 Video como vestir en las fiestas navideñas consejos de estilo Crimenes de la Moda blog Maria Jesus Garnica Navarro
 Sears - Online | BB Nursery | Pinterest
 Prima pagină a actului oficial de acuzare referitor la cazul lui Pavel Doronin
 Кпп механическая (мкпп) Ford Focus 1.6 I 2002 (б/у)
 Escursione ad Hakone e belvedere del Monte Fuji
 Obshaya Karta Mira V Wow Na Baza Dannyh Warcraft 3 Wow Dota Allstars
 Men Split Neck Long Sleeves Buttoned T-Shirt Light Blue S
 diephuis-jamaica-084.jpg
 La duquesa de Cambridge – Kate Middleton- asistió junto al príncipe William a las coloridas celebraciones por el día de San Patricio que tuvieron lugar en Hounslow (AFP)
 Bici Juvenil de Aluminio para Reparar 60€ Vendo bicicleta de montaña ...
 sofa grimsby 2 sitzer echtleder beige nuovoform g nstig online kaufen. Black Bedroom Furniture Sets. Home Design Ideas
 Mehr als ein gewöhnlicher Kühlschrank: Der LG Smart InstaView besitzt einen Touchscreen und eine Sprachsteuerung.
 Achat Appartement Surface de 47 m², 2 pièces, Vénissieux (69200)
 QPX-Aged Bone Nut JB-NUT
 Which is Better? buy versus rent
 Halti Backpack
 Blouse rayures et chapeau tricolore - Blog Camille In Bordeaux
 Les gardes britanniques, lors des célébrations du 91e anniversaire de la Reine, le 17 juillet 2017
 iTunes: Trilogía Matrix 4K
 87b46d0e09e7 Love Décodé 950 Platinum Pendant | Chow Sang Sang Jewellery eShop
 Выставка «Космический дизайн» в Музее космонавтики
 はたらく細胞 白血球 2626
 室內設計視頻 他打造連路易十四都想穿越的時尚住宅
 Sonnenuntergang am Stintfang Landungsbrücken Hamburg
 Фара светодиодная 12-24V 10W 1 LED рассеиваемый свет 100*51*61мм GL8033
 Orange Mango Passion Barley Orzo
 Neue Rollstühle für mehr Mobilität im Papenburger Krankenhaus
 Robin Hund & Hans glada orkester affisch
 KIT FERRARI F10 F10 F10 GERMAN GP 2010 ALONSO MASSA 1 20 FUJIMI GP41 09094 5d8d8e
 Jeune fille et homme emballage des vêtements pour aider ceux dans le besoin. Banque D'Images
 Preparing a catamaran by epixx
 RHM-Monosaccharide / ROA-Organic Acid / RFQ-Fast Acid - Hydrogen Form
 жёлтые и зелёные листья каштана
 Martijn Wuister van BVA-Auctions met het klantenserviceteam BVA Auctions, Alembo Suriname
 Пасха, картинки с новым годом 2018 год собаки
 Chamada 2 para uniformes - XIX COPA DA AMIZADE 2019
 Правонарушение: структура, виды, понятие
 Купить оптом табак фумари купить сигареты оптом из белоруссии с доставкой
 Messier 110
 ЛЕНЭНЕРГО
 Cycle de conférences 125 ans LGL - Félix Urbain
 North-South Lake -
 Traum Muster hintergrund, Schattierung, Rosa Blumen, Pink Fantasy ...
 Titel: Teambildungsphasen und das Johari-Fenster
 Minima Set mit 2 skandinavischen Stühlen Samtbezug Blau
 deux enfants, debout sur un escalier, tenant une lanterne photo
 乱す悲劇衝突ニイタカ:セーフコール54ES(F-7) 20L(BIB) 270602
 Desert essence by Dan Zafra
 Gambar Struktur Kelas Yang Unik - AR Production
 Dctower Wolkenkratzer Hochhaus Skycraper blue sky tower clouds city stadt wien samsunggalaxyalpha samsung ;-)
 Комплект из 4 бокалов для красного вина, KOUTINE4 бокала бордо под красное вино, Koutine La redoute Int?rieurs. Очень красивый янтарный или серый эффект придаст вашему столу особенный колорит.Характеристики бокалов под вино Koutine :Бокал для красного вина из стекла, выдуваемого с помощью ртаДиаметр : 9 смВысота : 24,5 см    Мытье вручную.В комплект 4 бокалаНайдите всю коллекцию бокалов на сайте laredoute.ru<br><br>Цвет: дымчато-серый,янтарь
---+---
Problem to work on: The required answer is the exact run of lines above starting at the line with "Men Split Neck" and ending at the line with "Preparing a catamaran by epixx", with both ends present.

Solution for this task:
 Men Split Neck Long Sleeves Buttoned T-Shirt Light Blue S
 diephuis-jamaica-084.jpg
 La duquesa de Cambridge – Kate Middleton- asistió junto al príncipe William a las coloridas celebraciones por el día de San Patricio que tuvieron lugar en Hounslow (AFP)
 Bici Juvenil de Aluminio para Reparar 60€ Vendo bicicleta de montaña ...
 sofa grimsby 2 sitzer echtleder beige nuovoform g nstig online kaufen. Black Bedroom Furniture Sets. Home Design Ideas
 Mehr als ein gewöhnlicher Kühlschrank: Der LG Smart InstaView besitzt einen Touchscreen und eine Sprachsteuerung.
 Achat Appartement Surface de 47 m², 2 pièces, Vénissieux (69200)
 QPX-Aged Bone Nut JB-NUT
 Which is Better? buy versus rent
 Halti Backpack
 Blouse rayures et chapeau tricolore - Blog Camille In Bordeaux
 Les gardes britanniques, lors des célébrations du 91e anniversaire de la Reine, le 17 juillet 2017
 iTunes: Trilogía Matrix 4K
 87b46d0e09e7 Love Décodé 950 Platinum Pendant | Chow Sang Sang Jewellery eShop
 Выставка «Космический дизайн» в Музее космонавтики
 はたらく細胞 白血球 2626
 室內設計視頻 他打造連路易十四都想穿越的時尚住宅
 Sonnenuntergang am Stintfang Landungsbrücken Hamburg
 Фара светодиодная 12-24V 10W 1 LED рассеиваемый свет 100*51*61мм GL8033
 Orange Mango Passion Barley Orzo
 Neue Rollstühle für mehr Mobilität im Papenburger Krankenhaus
 Robin Hund & Hans glada orkester affisch
 KIT FERRARI F10 F10 F10 GERMAN GP 2010 ALONSO MASSA 1 20 FUJIMI GP41 09094 5d8d8e
 Jeune fille et homme emballage des vêtements pour aider ceux dans le besoin. Banque D'Images
 Preparing a catamaran by epixx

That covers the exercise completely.